Kommen wir also nun zurück zu Luisa, an deren Einzelfall ich die Systematik aufzeigen möchte. Mit welcher Zeit soll sie und alle anderen dies denn bitte tun? All die, die reisen und die Welt mit eigenen Augen und offenem Geist erkunden wollen? Mit dem Verzicht auf das Flugzeug sind wir angewiesen auf andere Reiseformen. Ob mit dem Fahrrad, per Anhalter oder öffentlichem Nah- und Fernverkehr: Es braucht schlicht wesentlich mehr Zeit.
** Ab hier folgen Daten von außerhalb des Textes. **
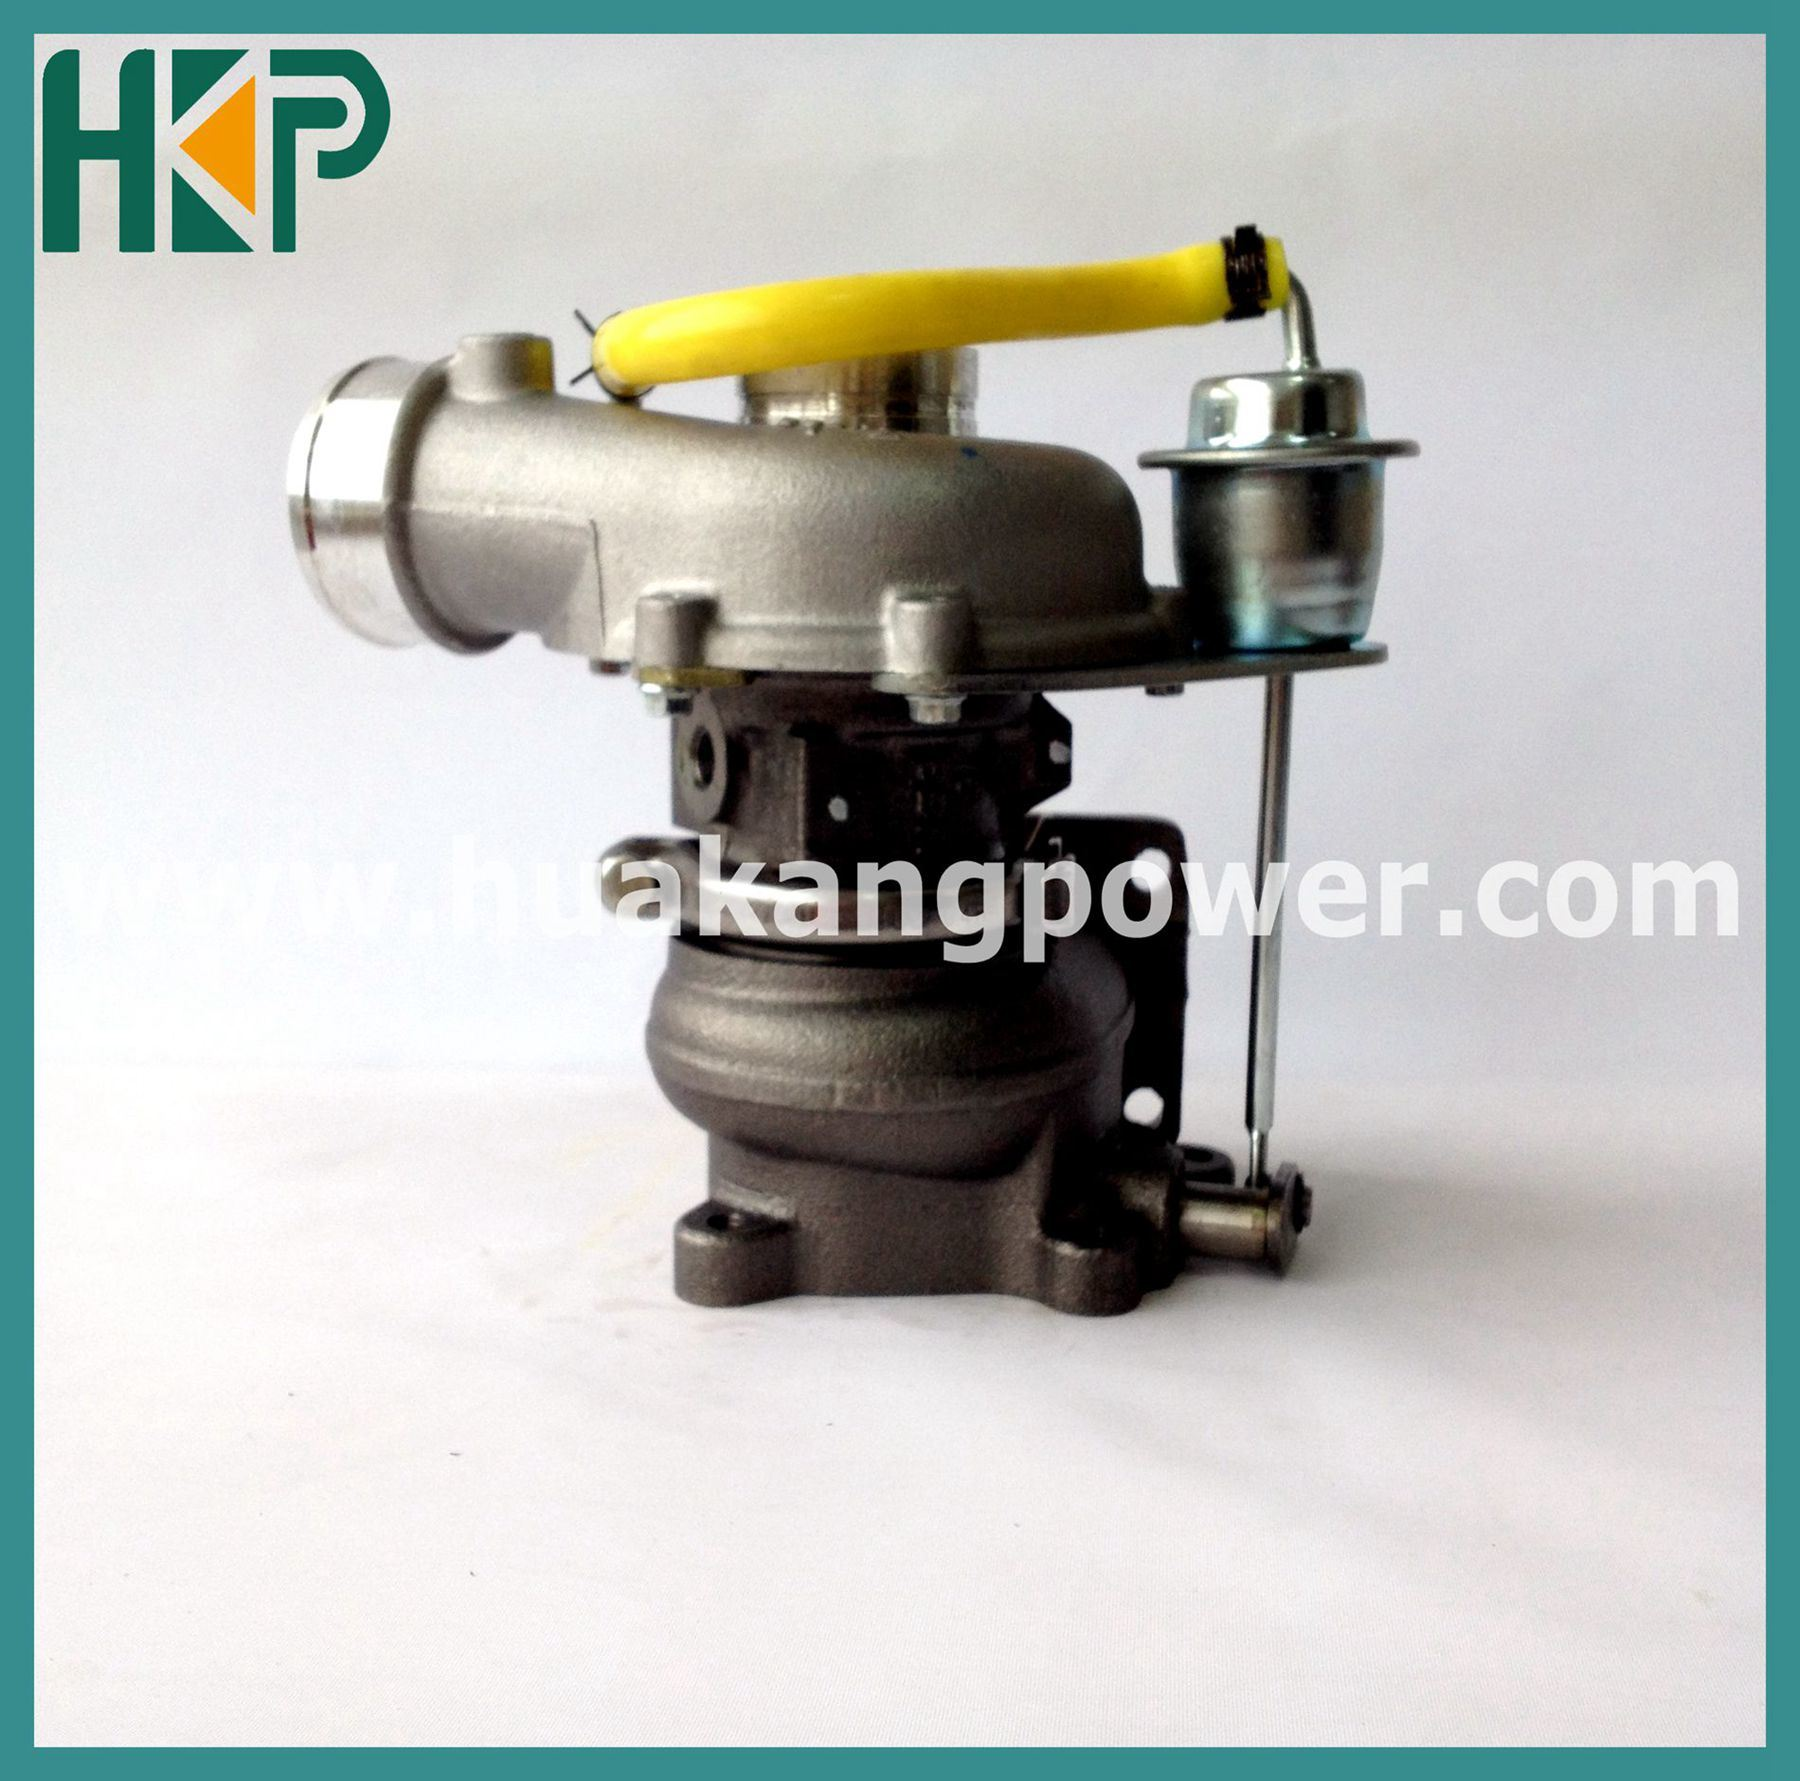 Turbo/Turbocharger for Rhf4 Vp47 Xnz1118600000

Und wer entschuldigt uns dann, wenn wir deswegen zu spät oder gar nicht zu unseren Terminen, Prüfungen und Vorladungen erscheinen? Niemand! Eher würde man uns Anprangern für unsere Rücksichtslosigkeit, dafür, dass wir unser Leben gelebt und unsere Träume verwirklicht haben! Man prangert uns ja bereits jetzt an, weil wir aus einer aufgezwungenen Notwendigkeit für unsere Zukunft kämpfen, während alle Politik hier scheinbar versagt.
So betrachtet hört sich das vielleicht absurd an, eigentlich sollte so etwas möglich sein. Und ja, es ist auf viele Arten auch wirklich absurd. Doch so funktioniert die Art und Weise wie wir in der kapitalistischen Welt denken. So werden wir von uns, unseren Träumen und den Menschen um uns herum entfremdet. Mit welcher selbstverständliche Arroganz, welcher weltfremden Ignoranz dies geschieht – es ist mir unverständlich.
Ich lade euch deswegen ein, gemeinsam weiter zu gehen, weiter zu machen. Lasst uns miteinander über unsere Wünsche, Träume und Bedürfnisse reden. Lasst uns schauen, wie wir diese kaputte Welt zu einem besseren Ort für alle machen können. Klimaschutz ist Teil dieses Kampfes, alleine wird er jedoch nicht genügen. Alleine, losgelöst gedacht von all den anderen Problemen, wird er vermutlich nicht einmal effektiv machbar sein. Wir müssen diese Kämpfe zusammen denken. Es gibt keinen Weg daran vorbei, wenn diese Welt überleben soll: Entweder der Kapitalismus wird überwunden oder die Menschheit hat den größten Teil ihrer Geschichte geschrieben und vernichtet dabei nicht nur sich selbst, sondern mit sich so viel von dem anderen wundervollen Leben auf dieser Welt. Es ist Zeit zu handeln. Jetzt.